The strategy worked. Those recurring revenues are wind under my wings, and
gave me the skills to expand my business into other areas.

But man, that was a tough couple years. I was constantly short on cash.
Historically, when people guessed my age, they guessed [biological age - 3].
Once in this rough period, people guessed my biological age!

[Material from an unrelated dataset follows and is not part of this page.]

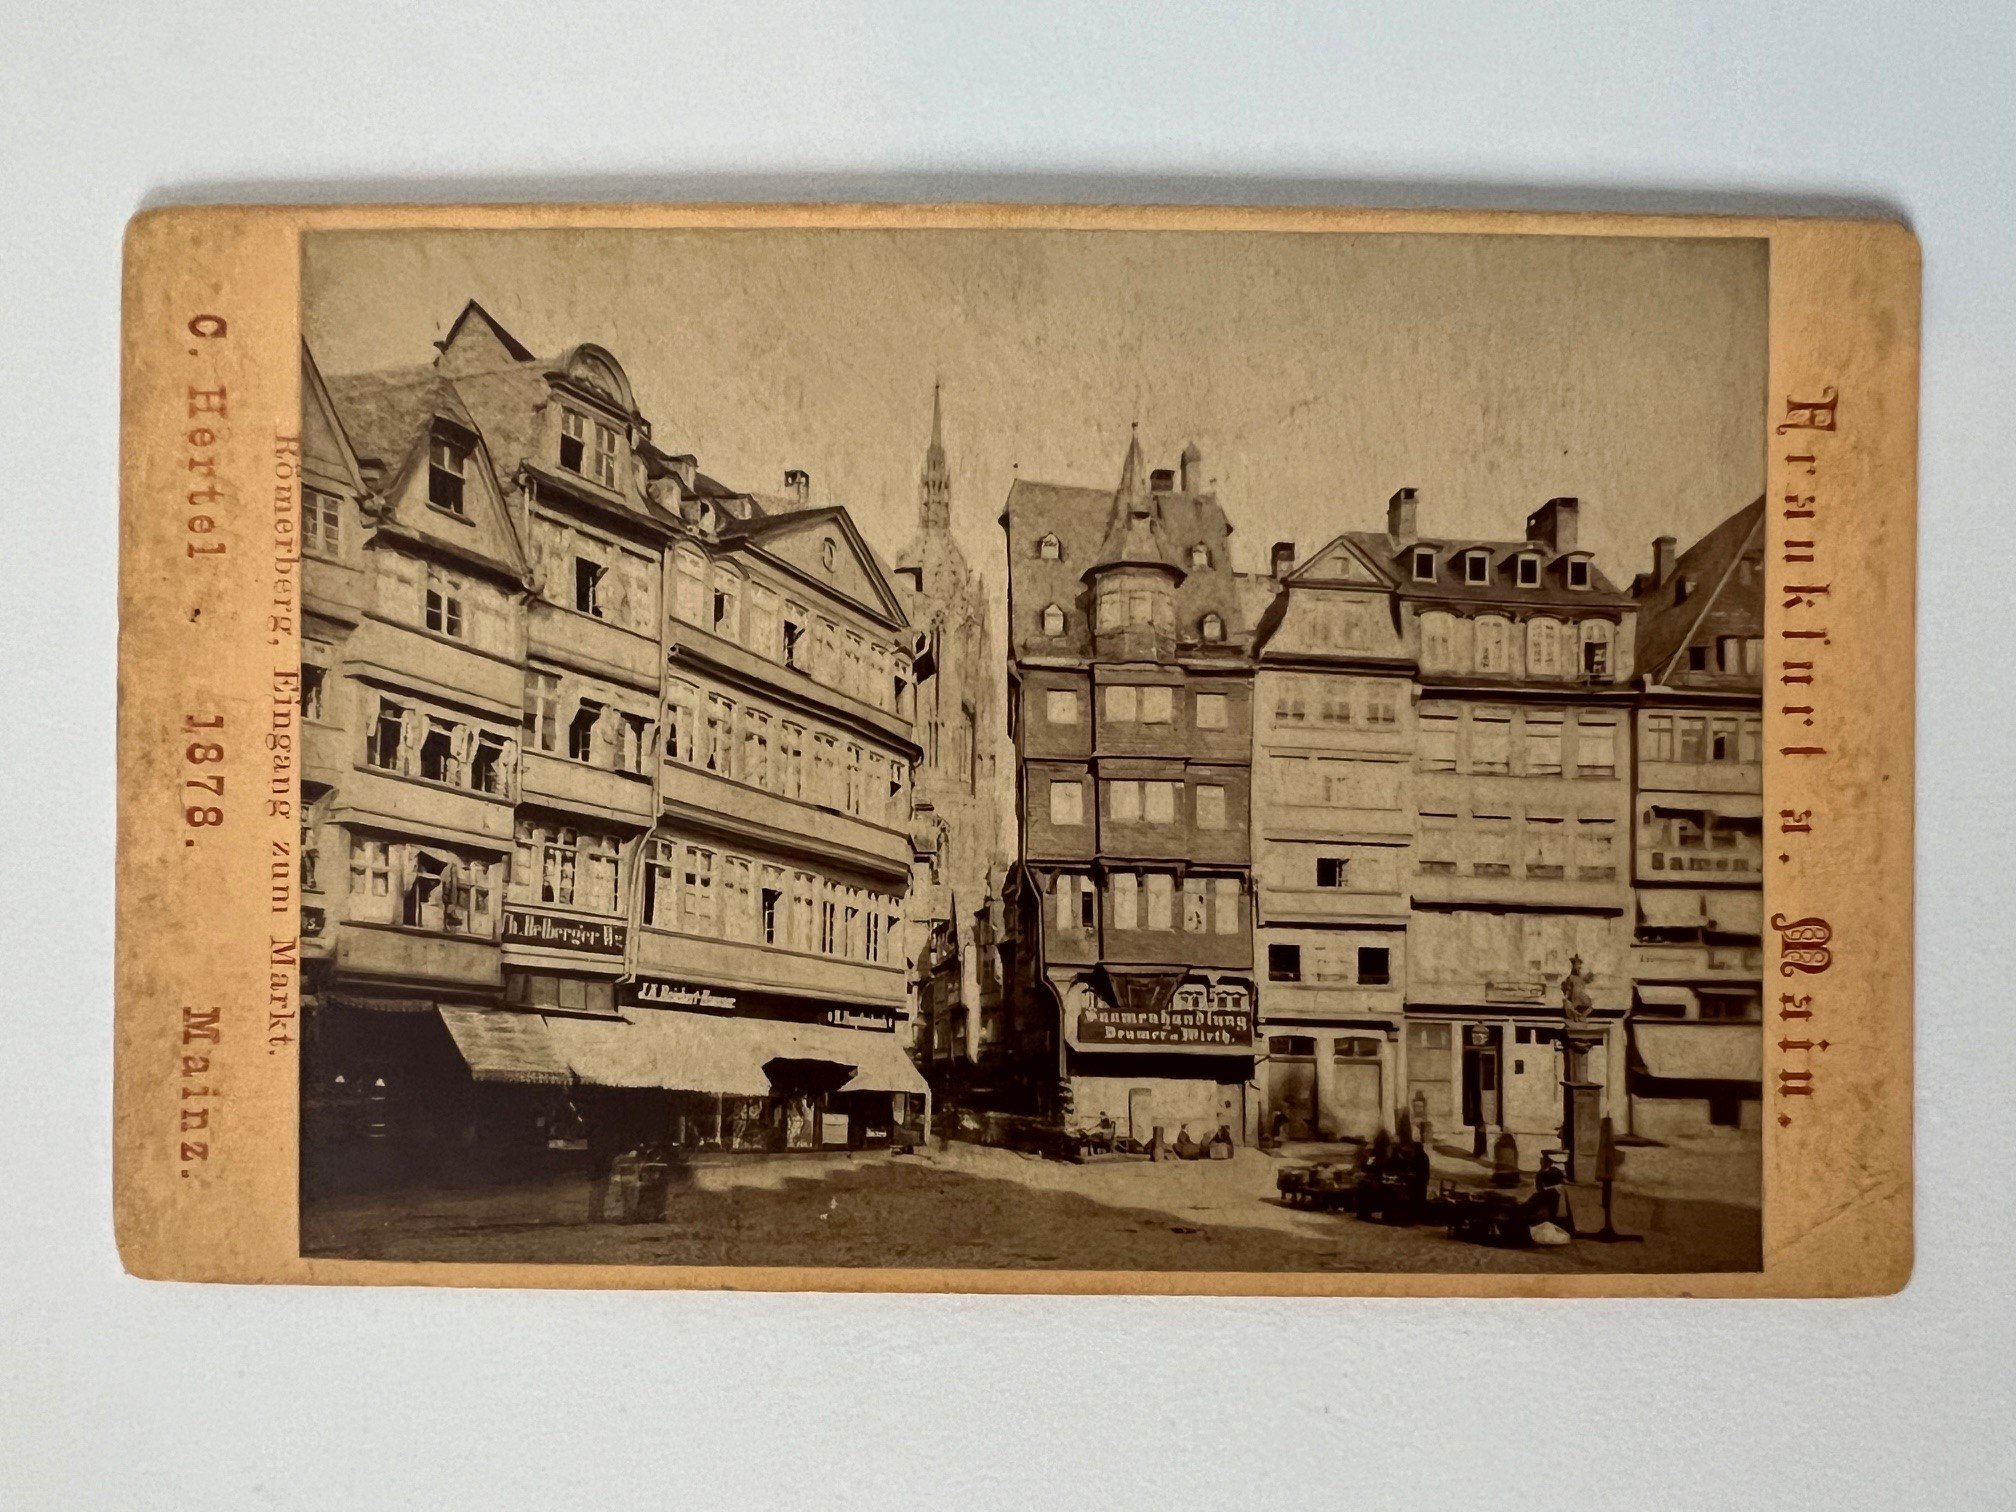 CdV, Carl Hertel, Frankfurt, Römerbeg, Eingang zum Markt, 1878. (Taunus-Rhein-Main - Regionalgeschichtliche Sammlung Dr. Stefan Naas CC BY-NC-SA)

2013 was the year my business took off. In the final six months I earned
enough to pay off my loans from school, my taxes for the year, and build a
savings buffer. That was from being almost bankrupt in June.

What a difference. I feel relaxed. People now guess [biological age - 1 or 2],
so the decrease in stress must be having an effect. I look more rejunvenated
to myself in the mirror.

I can see and pursue opportunities much more effectively. And it's all because
I have a relatively small amount of excess dollars in a bank account. That
surplus allows you to raise your head and look around.

Build a buffer.

Some time ago a HN member posted about maxims he uses to guide his life, and
he ended up making a daily maxim site. This one came up yesterday, it's quite
relevant:

[http://www.maxims.us/build-superreserves/](http://www.maxims.us/build-
superreserves/)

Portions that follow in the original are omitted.